**Data segment:**
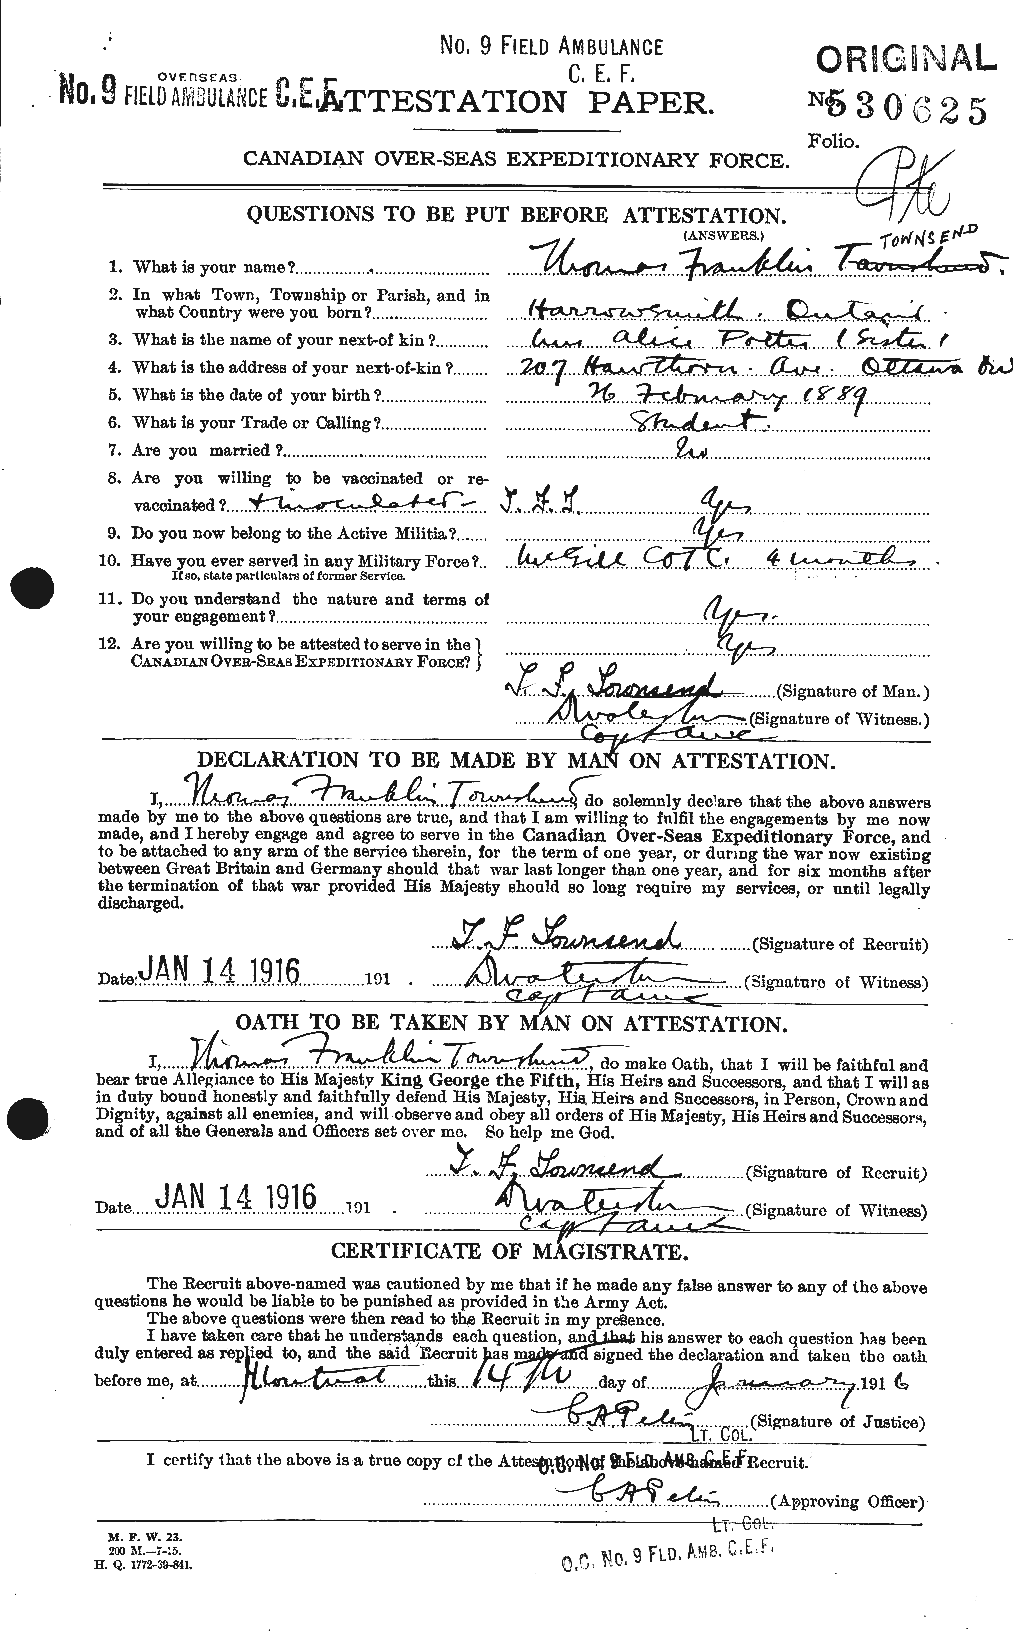 Dossiers du Personnel de la Première Guerre mondiale - CEC 637224a
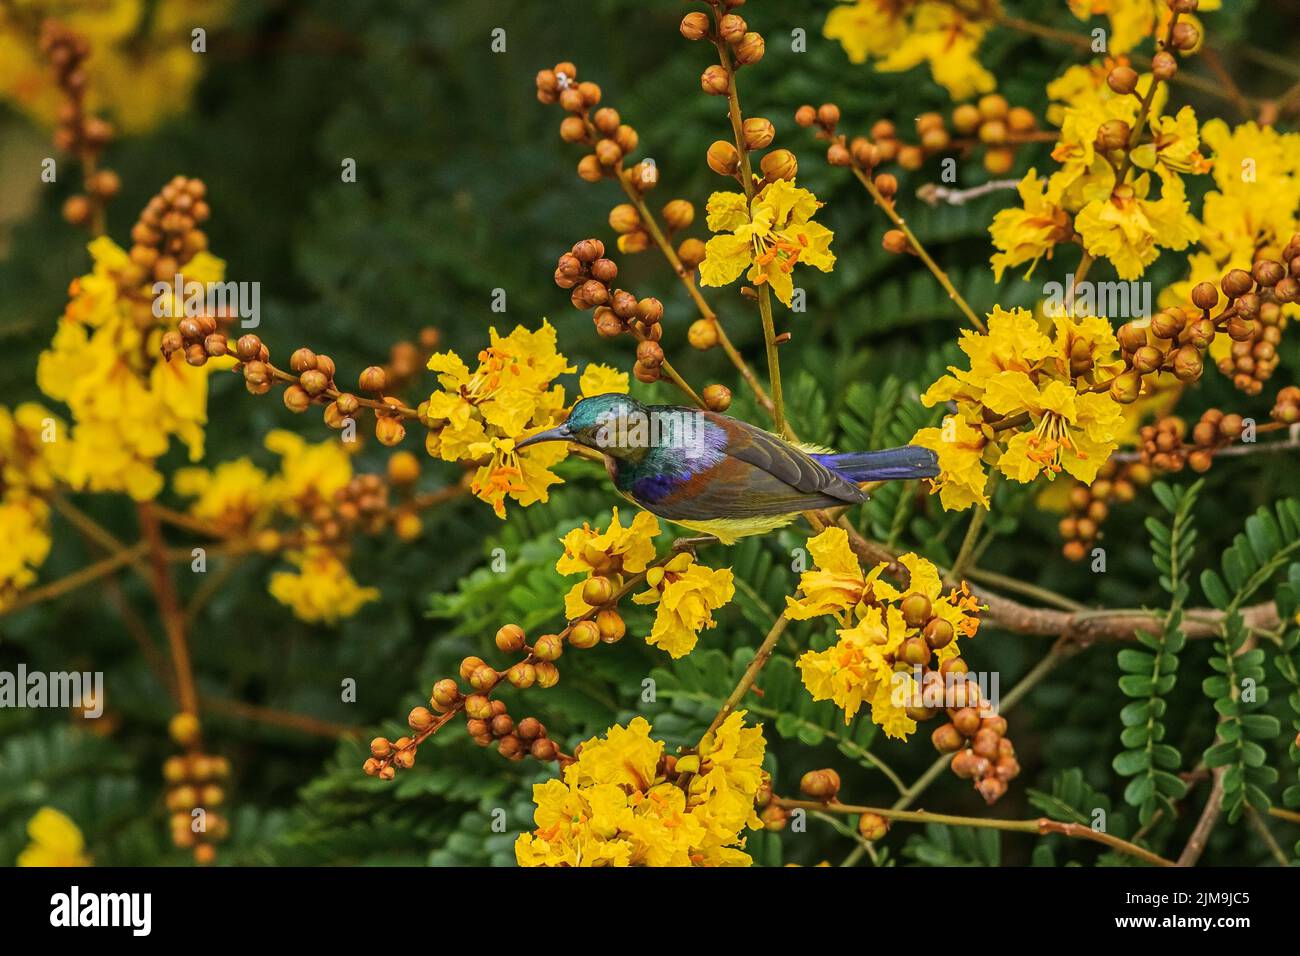 Ein Sonnenvögel mit Olivenrücken staut sich unter den gelben Blüten der Gelben Flametere in Malaysia. Stockfoto
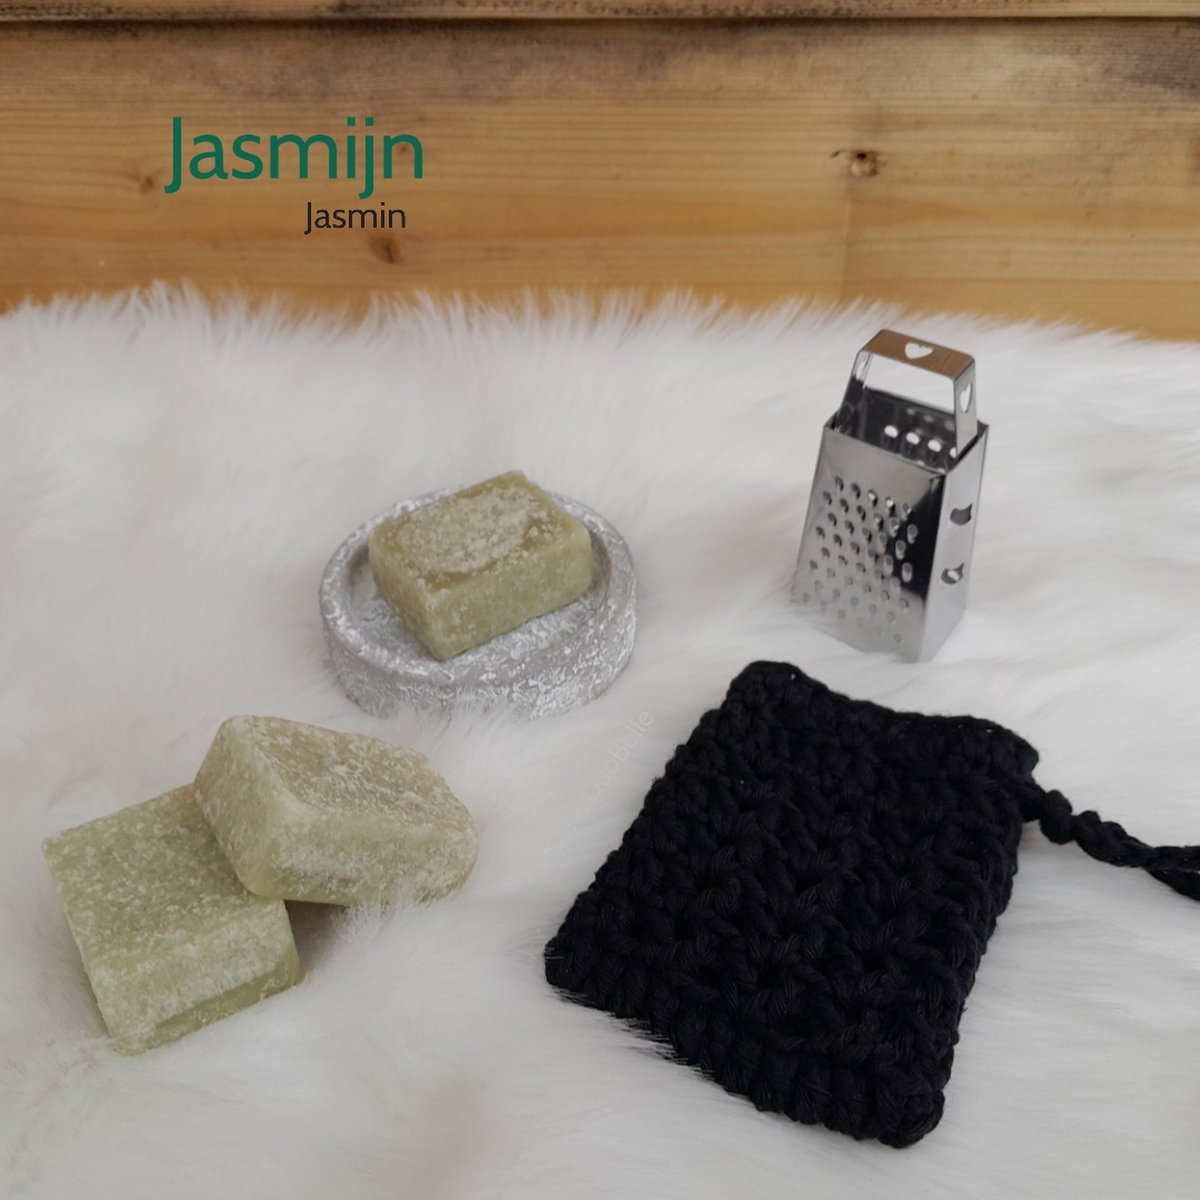 3 Amberblokjes Jasmijn - Geurblokjes Set met Schaaltje, Rasp en Gehaakt Geurzakje - Giftset

**Try it:**
Give the data again exactly as written, with no pictures included.

**Answer box:**
 Dossiers du Personnel de la Première Guerre mondiale - CEC 637224a
 Ein Sonnenvögel mit Olivenrücken staut sich unter den gelben Blüten der Gelben Flametere in Malaysia. Stockfoto
 3 Amberblokjes Jasmijn - Geurblokjes Set met Schaaltje, Rasp en Gehaakt Geurzakje - Giftset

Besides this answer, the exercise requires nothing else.